If Not Now When?
You might have been an apparition
but if so then, so was I
As we walked the streets of Istanbul
under burnished Bysant skies.
We spoke in muted Cyrillic whisps
to replenish the poems we met
in Bulgaria last April.
And when we spoke of Yevteshenko in May,
on Crimean Steppes we wept.
“She weeping, and her friends weeping.
I, frightened, don’t feel like dancing.
But, you can’t not dance.”
But changed to Kurmanji out loud
When Istanbul’s fields we swept.
You taught me those languages
as I slept next to you.
I didn’t know them before.
The night was fragrant, stir
When we had our spiraling guests
of exotic steaming myrrh
and each the other’s breath.
We’d come to Ihsan’s Istanbul.
“Let’s go down to Ortokoy by the Bosphorus,” you said
In Ahnna-soaked eagerment.
You surprised me to know of those places.
I said, “Yes – if not now when?”
“I’ll feed you the most high fish,” you said,
“your tongue has ever known.”
Sang the ancient worn stones under our bare feet
“Welcome sweet Children of the West.
You are our Children now.

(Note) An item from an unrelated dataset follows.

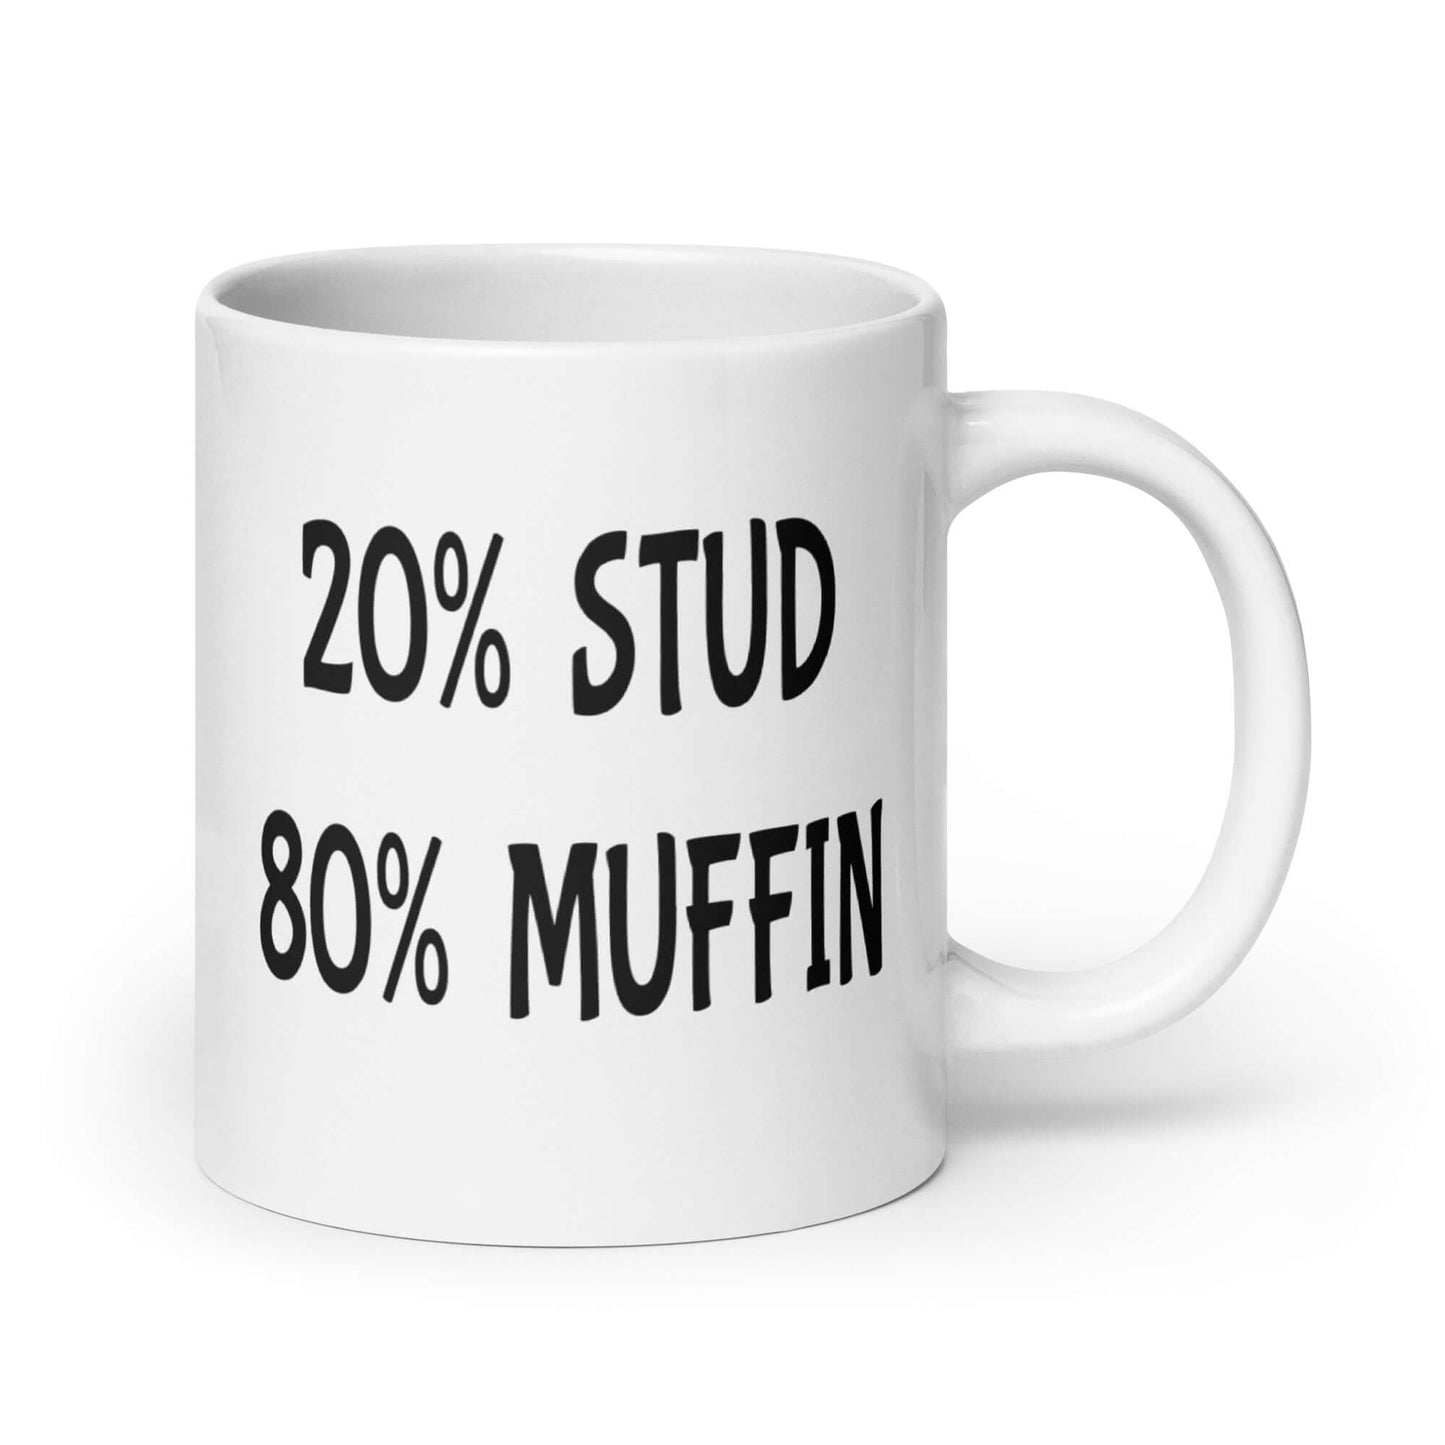 Funny stud muffin mug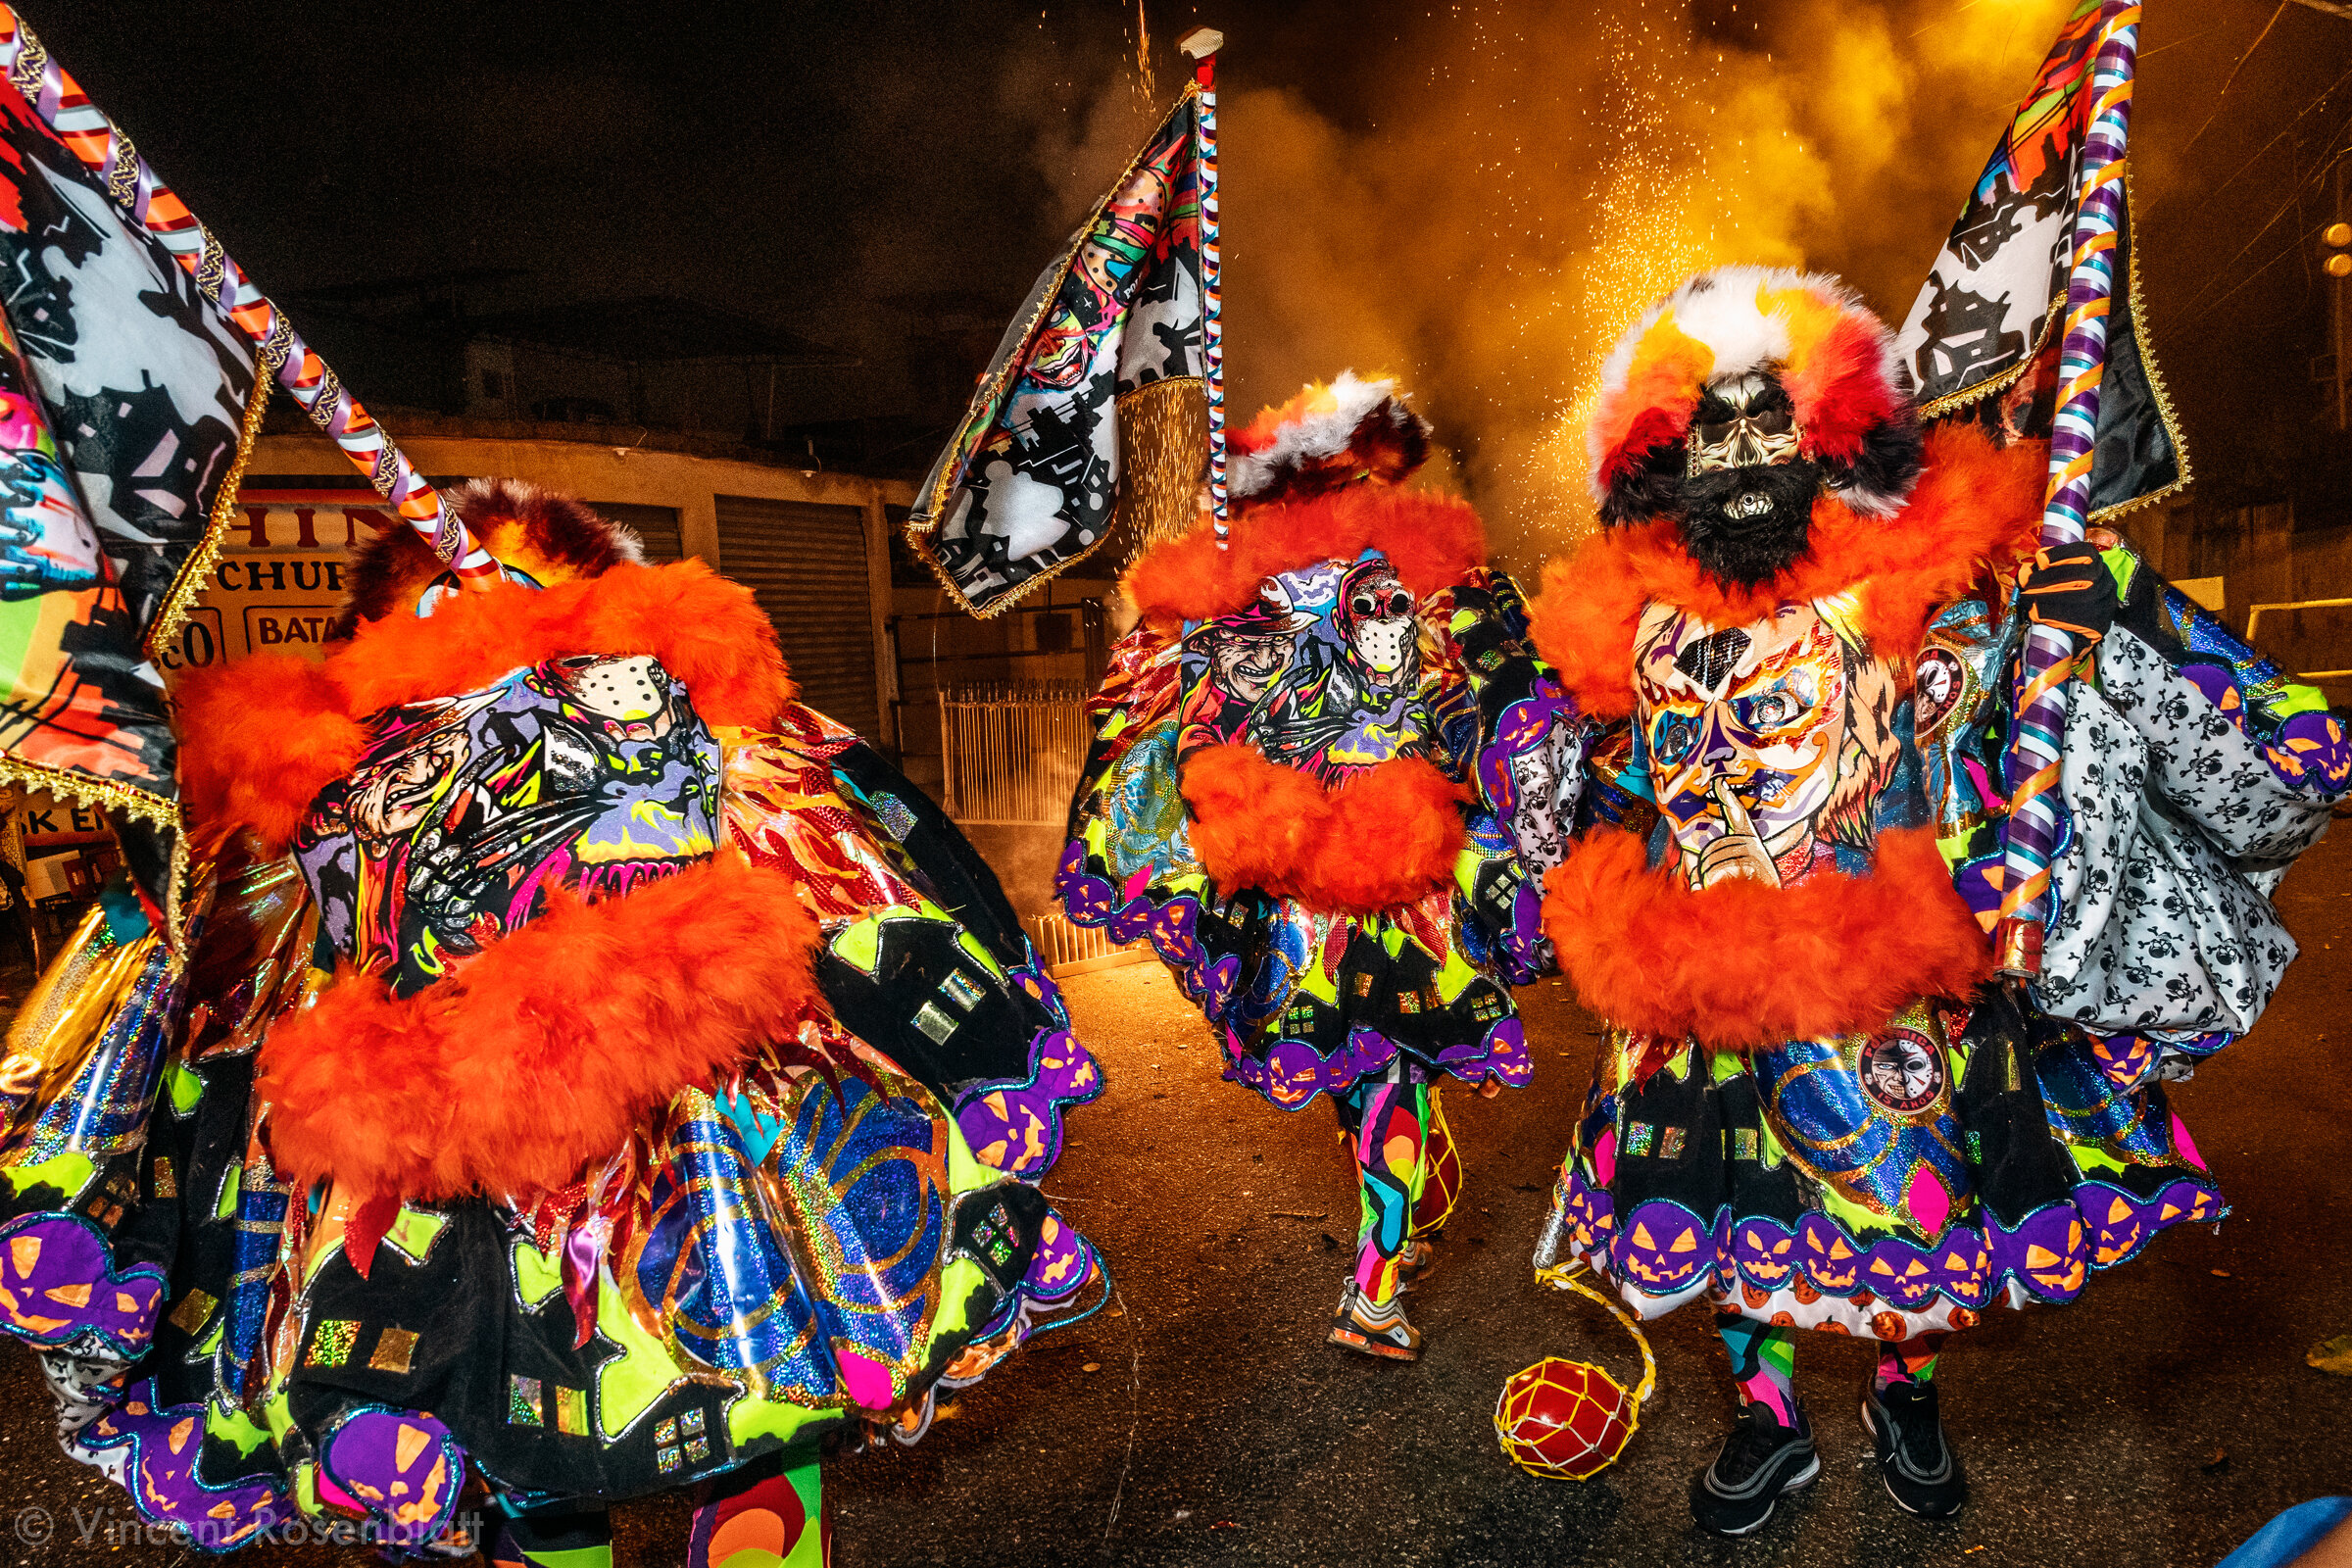  Show of the Polêmica group in Rocha Miranda, North Zone of Rio de Janeiro, Carnival 2020 - inspired by the Freddy Kruegger versus Jason Nightmare series / movies.

We love you.”
Or wore we boots of Turkish trend?
Yes, were boots of Turkish leather
From Kusadasi town’s deep end.
Ottoman ghosts played liltly lutes
as we followed the alley’d days
They wore godly linen modern suits
and spoke dazzling scholars’ ways.
But it must have been really
the Oud they played, from commaphora made
and tamborines carved from caravan wheels
and Princesses’ tangled bracelets heeled
all in the merry shade.
We vowed new positive habits
And wore white silk from that East.
Your wings became our transport
over Turkish turrets
“tottering crazy over its smoky columns
our eyes on the feast.”
So many strangers of that land
Surrounded and flooded us
with such unravelingly warm smiles,
and threw so many flowers
they covered the fountains’ tiles.
They danced around us, throwing powder
of unknown sacraments matter
calling us new holy teachers
important new Saints
in broken mistaken chatter.
We married under a giant willow
repeating words a priest bade us say:
“Your two lives will now be one
forever and a day.”
“Our two lives will now be one
forever and a day.”
And four striding gypsies carried us over
on a carpet of mythical appointments
ringed with jewels we could not ignore
to the river of annointments.
And forty more Romanys sang
Dallas and Ahnnah
forevermore.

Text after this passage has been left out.